Counting the percentage color distribution. Value of the color frequency column is simply a size of the clusters.
We use bar chart to present the distribution as below:
dominant1 <- setNames(cbind(as.data.frame(colours1), rep("Mountain", length(colours1))), c("Colours", "Image"))
dominant2 <- setNames(cbind(as.data.frame(colours2), rep("Cat", length(colours2))), c("Colours", "Image"))
dominant3 <- setNames(cbind(as.data.frame(colours3), rep("Beach", length(colours3))), c("Colours", "Image"))
dominant4 <- setNames(cbind(as.data.frame(colours4),rep("City", length(colours4))), c("Colours", "Image"))

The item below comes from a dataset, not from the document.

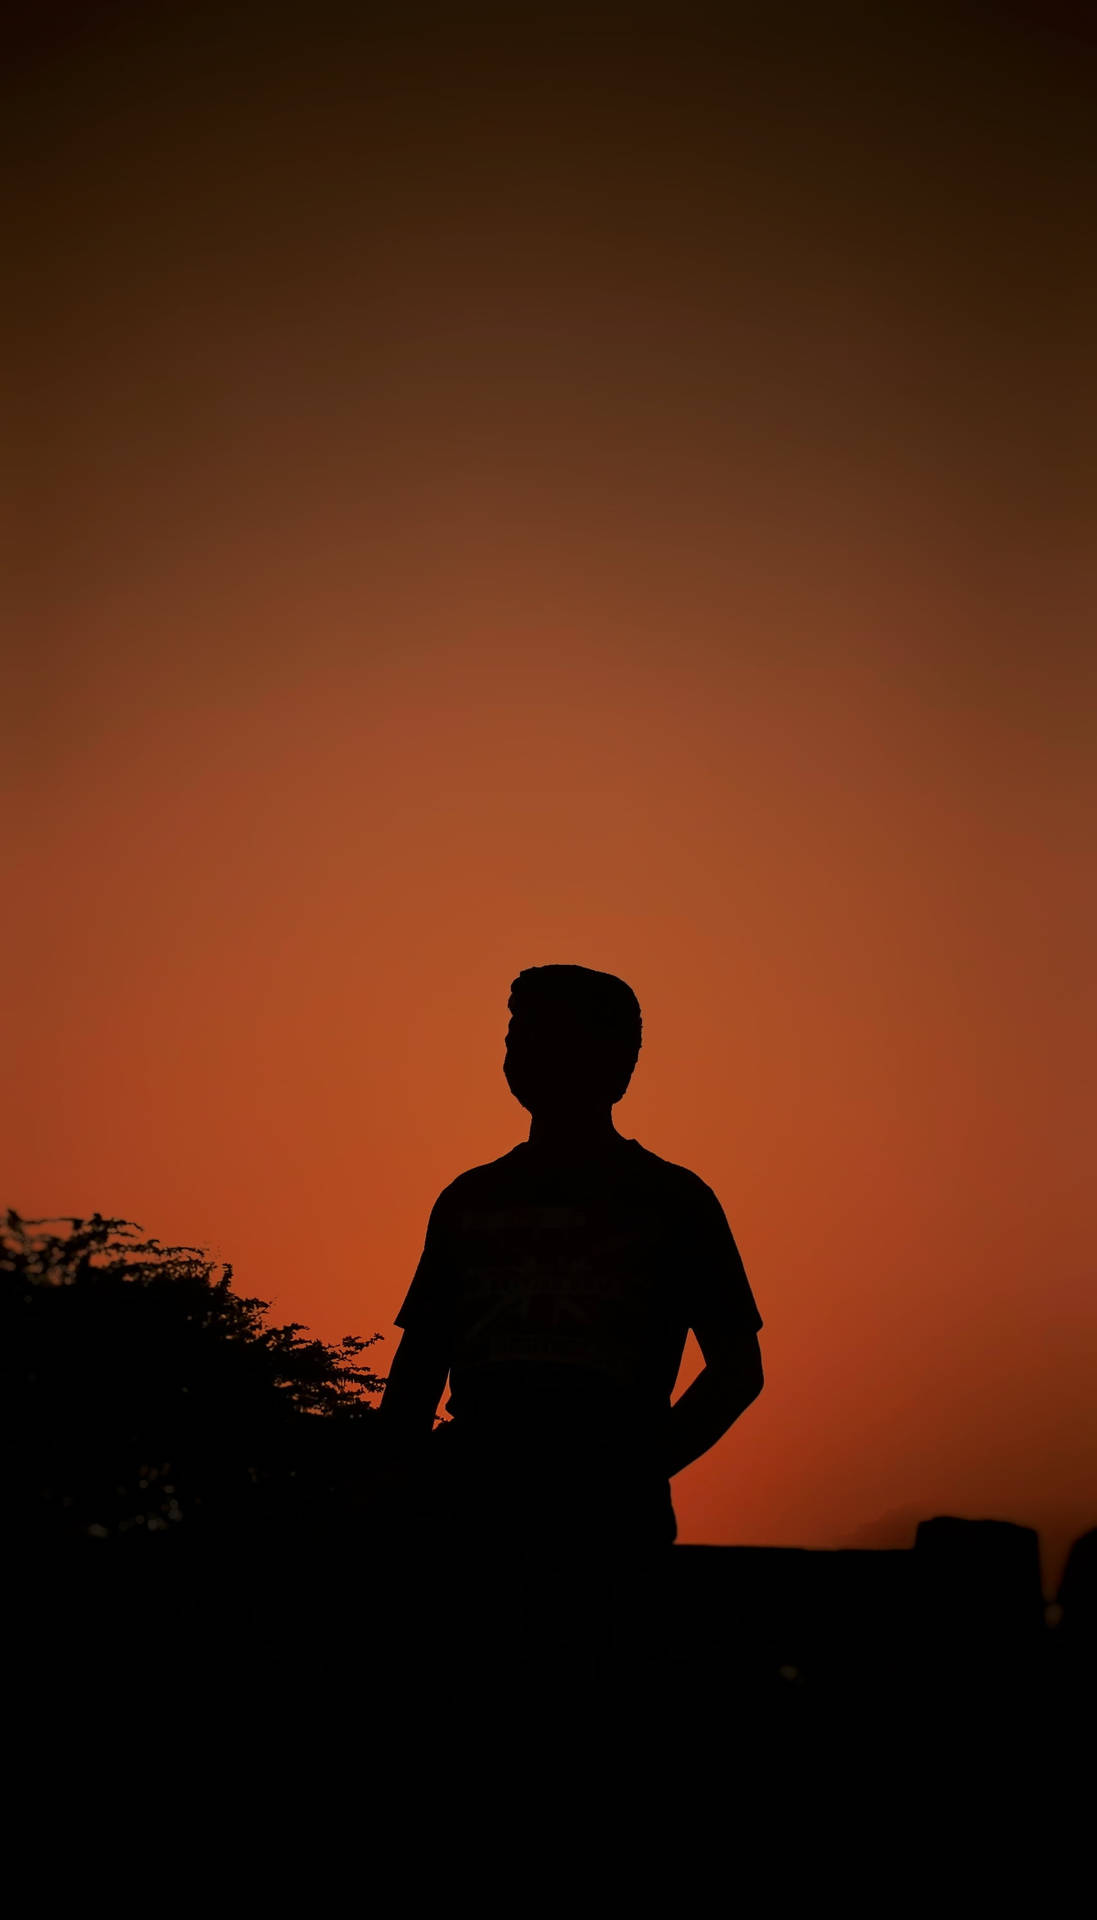 Boy Shadow On An Orange Sunset Sky

dominant5 <- setNames(cbind(as.data.frame(colours5), rep("Street", length(colours5))), c("Colours", "Image"))
dominant <- rbind(dominant1, dominant2, dominant3, dominant4, dominant5)

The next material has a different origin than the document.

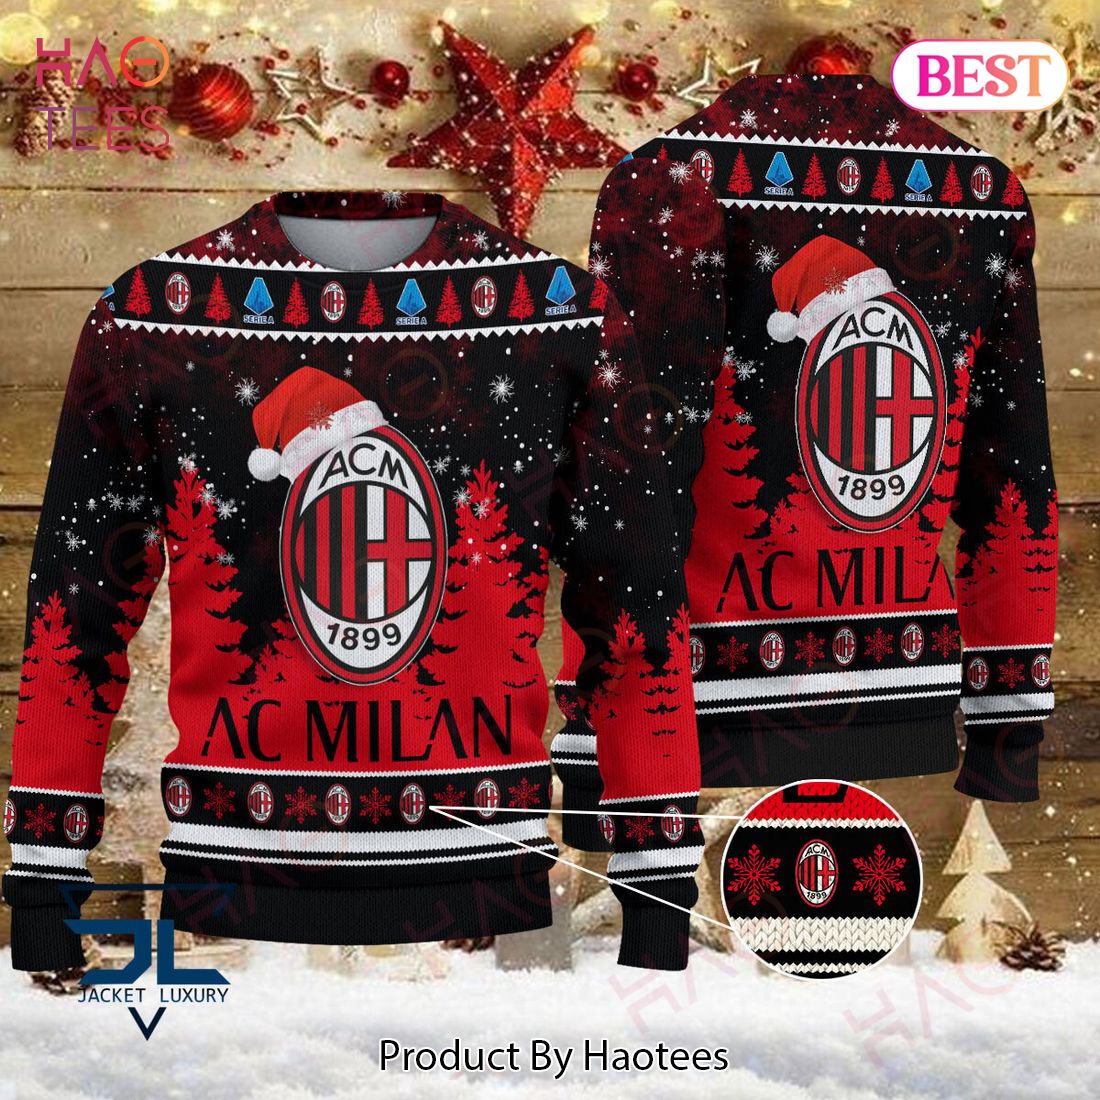 AC Milan ACM 1899  Luxury Brand Sweater Limited Edition

First we install package: library(ggplot2), then we use ggplot to show the color distribution:
library(ggplot2)
ggplot() + geom_bar(data = dominant,
aes(x = Image,
fill = Colours)) +
scale_fill_manual(values = c( "#10100E", "#161A23", "#1F1715", "#23232B", "#27160F",
"#2B2321", "#36372C", "#37484F", "#514748", "#566464",
"#655466", "#6D86AE", "#765A45", "#798385", "#8397BA",
"#887B72", "#8D7362", "#97ACCB", "#AFB0B2", "#B07861",
"#B3C3DC", "#B4B9BD", "#BEAEA1", "#C3B29E", "#D3BA9B",
"#D8E4F2", "#DBA57F", "#EDE6DC", "#F09B27", "#FBFDFC",
"#C1AB94", "#DAD4BE", "#DAD4BE","#E5B091", "#FBFDFC"))
##4 Conclusion
This paper shows application in cluster analysis - we can not only analyze numerical data but also create funny pictures that inspire more poeple to create their own special photos.